● **Data records**:
[Start of section]
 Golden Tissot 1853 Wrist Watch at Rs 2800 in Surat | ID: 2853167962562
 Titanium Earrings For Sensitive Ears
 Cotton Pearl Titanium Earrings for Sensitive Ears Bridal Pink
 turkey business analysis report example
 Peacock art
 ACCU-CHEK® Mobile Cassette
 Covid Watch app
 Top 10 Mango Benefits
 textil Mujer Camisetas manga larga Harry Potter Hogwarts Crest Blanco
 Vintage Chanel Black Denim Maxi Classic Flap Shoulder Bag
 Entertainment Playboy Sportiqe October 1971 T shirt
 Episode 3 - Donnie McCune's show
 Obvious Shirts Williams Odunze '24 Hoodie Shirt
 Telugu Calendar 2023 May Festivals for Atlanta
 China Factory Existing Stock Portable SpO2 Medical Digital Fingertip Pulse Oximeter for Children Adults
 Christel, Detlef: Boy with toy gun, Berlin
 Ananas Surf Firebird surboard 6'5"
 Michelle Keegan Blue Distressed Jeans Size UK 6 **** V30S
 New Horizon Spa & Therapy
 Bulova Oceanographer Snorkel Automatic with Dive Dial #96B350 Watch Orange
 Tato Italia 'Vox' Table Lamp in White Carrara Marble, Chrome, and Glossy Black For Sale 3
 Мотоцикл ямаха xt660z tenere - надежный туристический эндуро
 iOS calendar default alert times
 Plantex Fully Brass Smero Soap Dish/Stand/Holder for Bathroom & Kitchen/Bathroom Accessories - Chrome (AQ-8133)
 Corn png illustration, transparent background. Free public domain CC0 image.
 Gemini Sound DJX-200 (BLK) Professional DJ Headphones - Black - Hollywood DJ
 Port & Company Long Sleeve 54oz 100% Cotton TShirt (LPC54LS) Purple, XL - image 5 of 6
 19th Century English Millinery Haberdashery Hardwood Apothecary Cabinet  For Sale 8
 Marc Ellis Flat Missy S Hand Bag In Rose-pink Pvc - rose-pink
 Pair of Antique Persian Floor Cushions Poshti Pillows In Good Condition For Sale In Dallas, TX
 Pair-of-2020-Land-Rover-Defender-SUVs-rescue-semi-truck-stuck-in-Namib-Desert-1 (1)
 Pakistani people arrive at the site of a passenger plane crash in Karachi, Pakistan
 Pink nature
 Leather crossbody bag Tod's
[End of section]
● **Your instructions**:
Write out the records in full, exactly as they appear above.

● **Solution for this exercise**:
 Golden Tissot 1853 Wrist Watch at Rs 2800 in Surat | ID: 2853167962562
 Titanium Earrings For Sensitive Ears
 Cotton Pearl Titanium Earrings for Sensitive Ears Bridal Pink
 turkey business analysis report example
 Peacock art
 ACCU-CHEK® Mobile Cassette
 Covid Watch app
 Top 10 Mango Benefits
 textil Mujer Camisetas manga larga Harry Potter Hogwarts Crest Blanco
 Vintage Chanel Black Denim Maxi Classic Flap Shoulder Bag
 Entertainment Playboy Sportiqe October 1971 T shirt
 Episode 3 - Donnie McCune's show
 Obvious Shirts Williams Odunze '24 Hoodie Shirt
 Telugu Calendar 2023 May Festivals for Atlanta
 China Factory Existing Stock Portable SpO2 Medical Digital Fingertip Pulse Oximeter for Children Adults
 Christel, Detlef: Boy with toy gun, Berlin
 Ananas Surf Firebird surboard 6'5"
 Michelle Keegan Blue Distressed Jeans Size UK 6 **** V30S
 New Horizon Spa & Therapy
 Bulova Oceanographer Snorkel Automatic with Dive Dial #96B350 Watch Orange
 Tato Italia 'Vox' Table Lamp in White Carrara Marble, Chrome, and Glossy Black For Sale 3
 Мотоцикл ямаха xt660z tenere - надежный туристический эндуро
 iOS calendar default alert times
 Plantex Fully Brass Smero Soap Dish/Stand/Holder for Bathroom & Kitchen/Bathroom Accessories - Chrome (AQ-8133)
 Corn png illustration, transparent background. Free public domain CC0 image.
 Gemini Sound DJX-200 (BLK) Professional DJ Headphones - Black - Hollywood DJ
 Port & Company Long Sleeve 54oz 100% Cotton TShirt (LPC54LS) Purple, XL - image 5 of 6
 19th Century English Millinery Haberdashery Hardwood Apothecary Cabinet  For Sale 8
 Marc Ellis Flat Missy S Hand Bag In Rose-pink Pvc - rose-pink
 Pair of Antique Persian Floor Cushions Poshti Pillows In Good Condition For Sale In Dallas, TX
 Pair-of-2020-Land-Rover-Defender-SUVs-rescue-semi-truck-stuck-in-Namib-Desert-1 (1)
 Pakistani people arrive at the site of a passenger plane crash in Karachi, Pakistan
 Pink nature
 Leather crossbody bag Tod's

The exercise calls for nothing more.